Mario Laginha - Is this a Fugue?

Is this a fugue? Yes, it is.

Actually, it's the result of a great attraction that I have for this technique. As in other fugues I have written, I have tried to place this one in a musical universe that flirts with jazz but doesn't pretend to be jazz. Mario Laginha

Mario Laginha (b. 1960 Lisbon) studied classical music at the National Conservatory where his teachers included Jorge Moyano and Carla Seixas and subsequently received the Bach and the Teresa Vieira Awards. Jazz, however, has been always his main love. He has played with musicians such as Julian Arguelles, Wayne Shorter, Ralph Towner, Dino Saluzzi, Manu Katch, Django Bates, Bernardo Sassetti, Pedro Burmester and Trilok Gurtu. As a composer and musician Laginha has been very closely linked to singer Maria Joao together they have made eight albums and have played in Europe, America, Asia and Africa. Over the past 10 years Mario Laginha has written for the Metropolitan Lisbon Orchestra, N.D.R Hamburg Big Band, Drumming, Remix Ensemble, Porto Symphonic Orchestra, and has recorded twelve albums.

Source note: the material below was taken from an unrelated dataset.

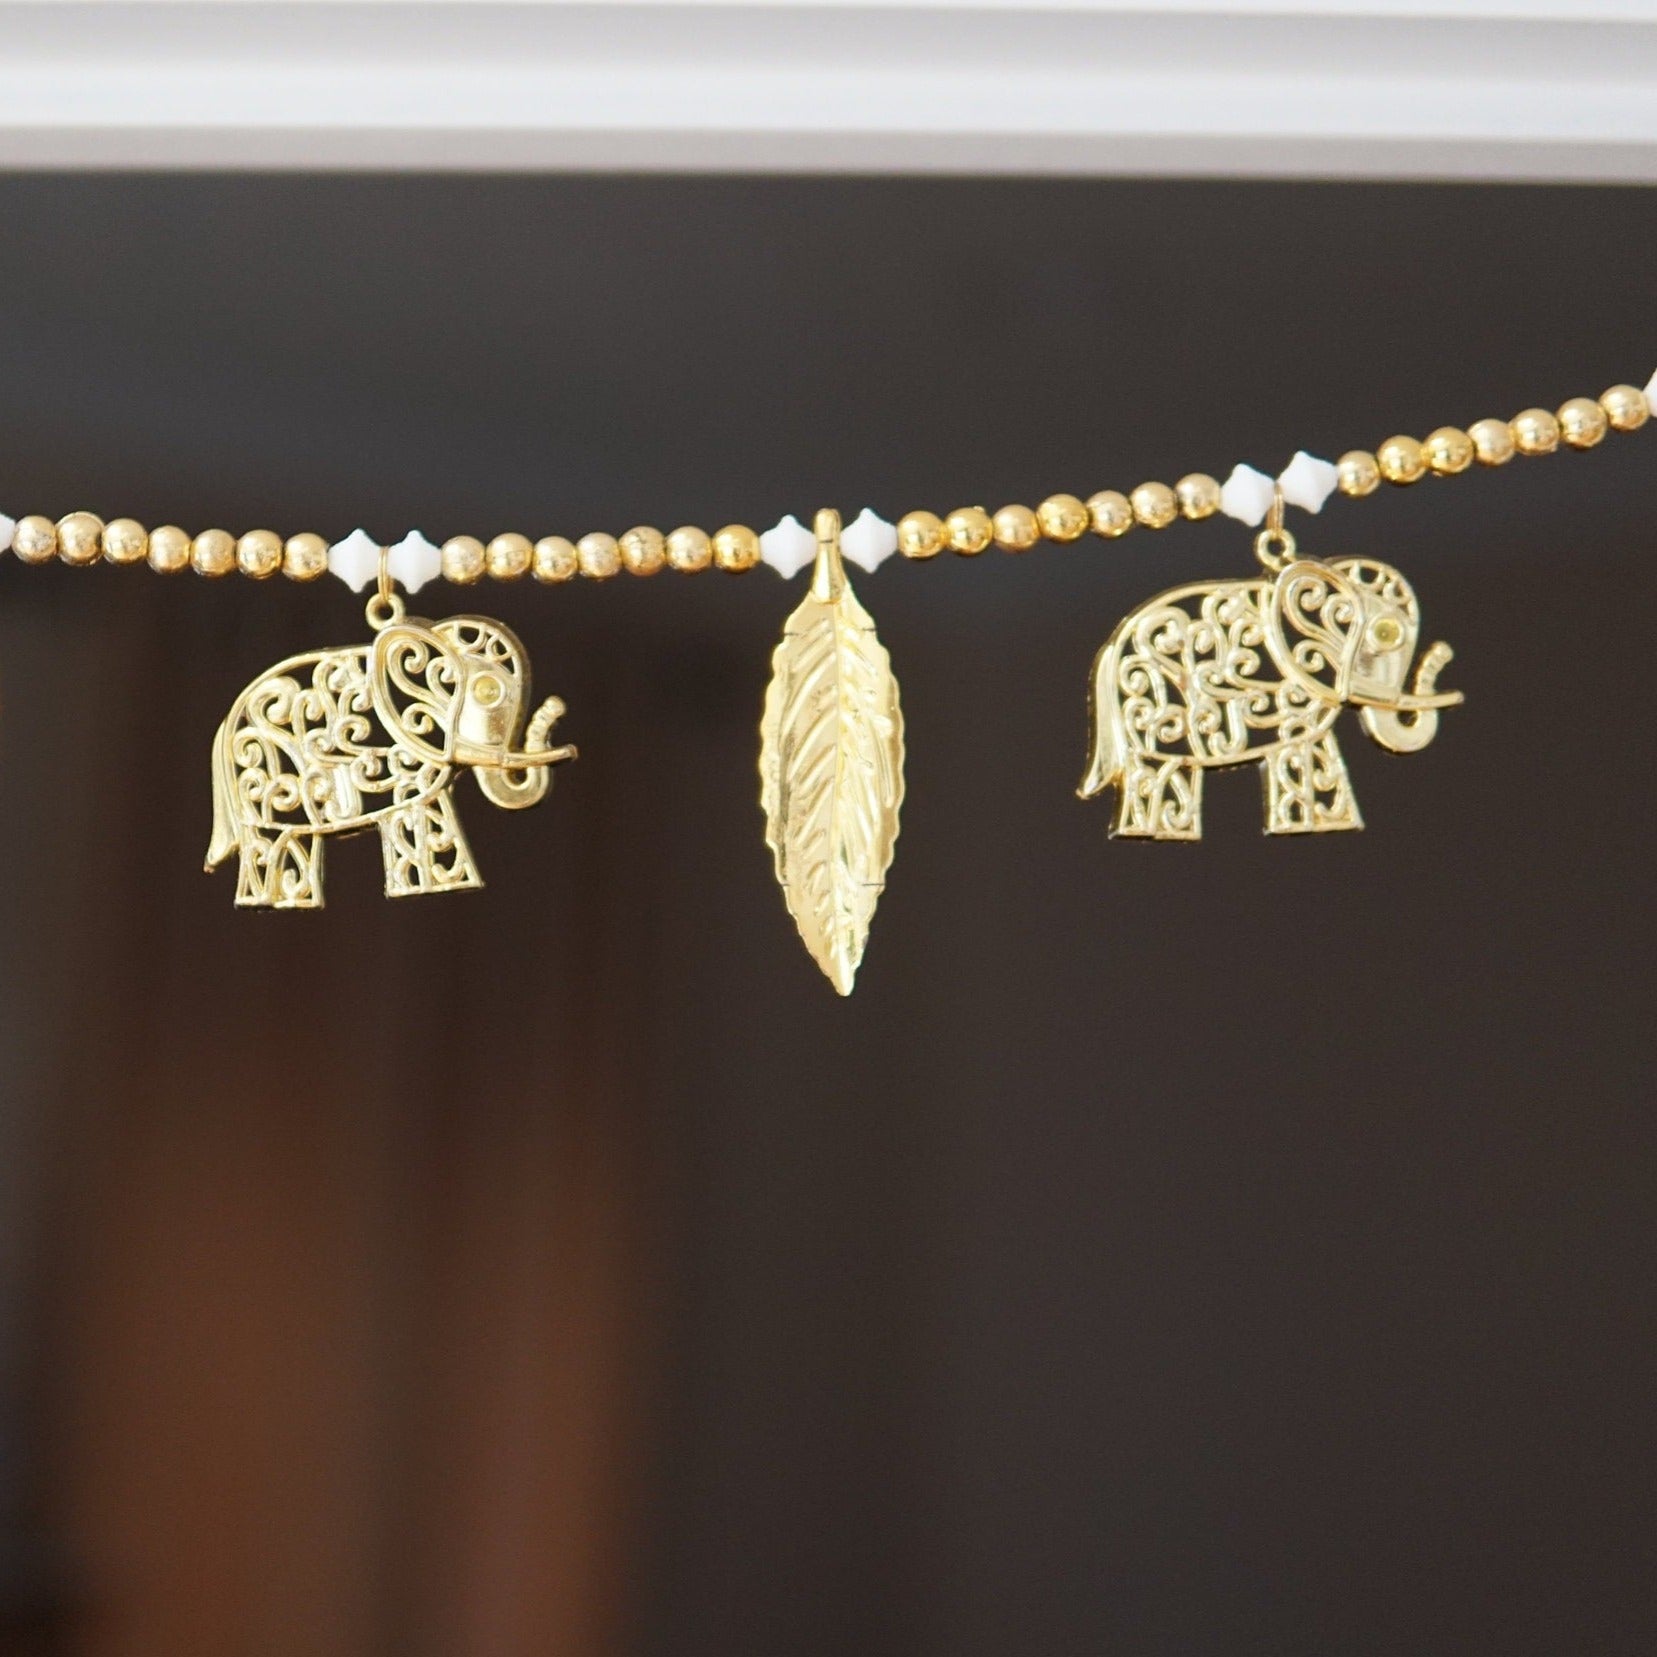 golden elphant toran with white and gold bead and leaves. Beautiful toran for Diwali, house warming and auspicious events and gift giving

Christopher Bochmann - Essay XIII (Rob Buckland - solo alto saxophone)

The first part is a sort of Moto Perpetuo based on a 7-note figure, with a lot of timbre trills. It reaches its climax with a sequence of multiphonics. The second part provides a contrast, with its long expressive cantabile sounds. This central part can be seen to be divided in four sections: the first sings in a middle register; the second hovers around a low E; the third explores the instrument?s high register; the fourth returns to the atmosphere of the first. The third and last part is a free development of all the musical material heard in the first two parts. There is no recapitulation as such although there are clear references to the material of the opening music. Christopher Bochmann

Pedro Moreira - 12 Tones in a Row

12 Tones in a Row is a short piece using basic serial procedures. The various melodic forms are intended to be very easily recognizable. There are several improvised sections. In these improvisations the resulting sonority still consists of 12 note aggregates. Like other forms of "harmonic" improvisation, the challenge is to find a place somewhere between freedom and restriction. After the introduction, more lyrical in character, the piece has a relaxed, playful feeling. Like a child playing with notes. In this case, 12 notes. Pedro Moreira

Pedro Moreira (b.1969, Lisbon). In 1985 Pedro Moreira performed extensively in Portugal's Jazz festivals and also toured the United States, Paris, Barcelona, Madrid, Mozambique, South Africa and the Ivory Coast. With his band he recorded Luandando (Movieplay), with Freddie Hubbard. He has also studied classical saxophone, theory and acoustics at the Lisbon National Conservatory. In 1996 he moved to New York. In 1998 he attained a Bachelor's degree in Jazz and Contemporary Music at the New School University. In 2000 he completed a Master's degree in Classical Composition at the Mannes College of Music. In 1998 Moreira received the Down Beat Music Student Award, in the categories of "Best Jazz Group" and ?Outstanding Performance". He has collaborated as musical assistant in Herbie Hancock's Gershwin's World (Verve) and Wayne Shorter's Alegria (Verve). In 2000 the Stuttgart Philharmonic performed one of his orchestrations, commissioned by the German group Tango Five. He has also performed with Dave Liebman, Joe Chambers, Bobby Short, Benny Golson & Eddie Henderson.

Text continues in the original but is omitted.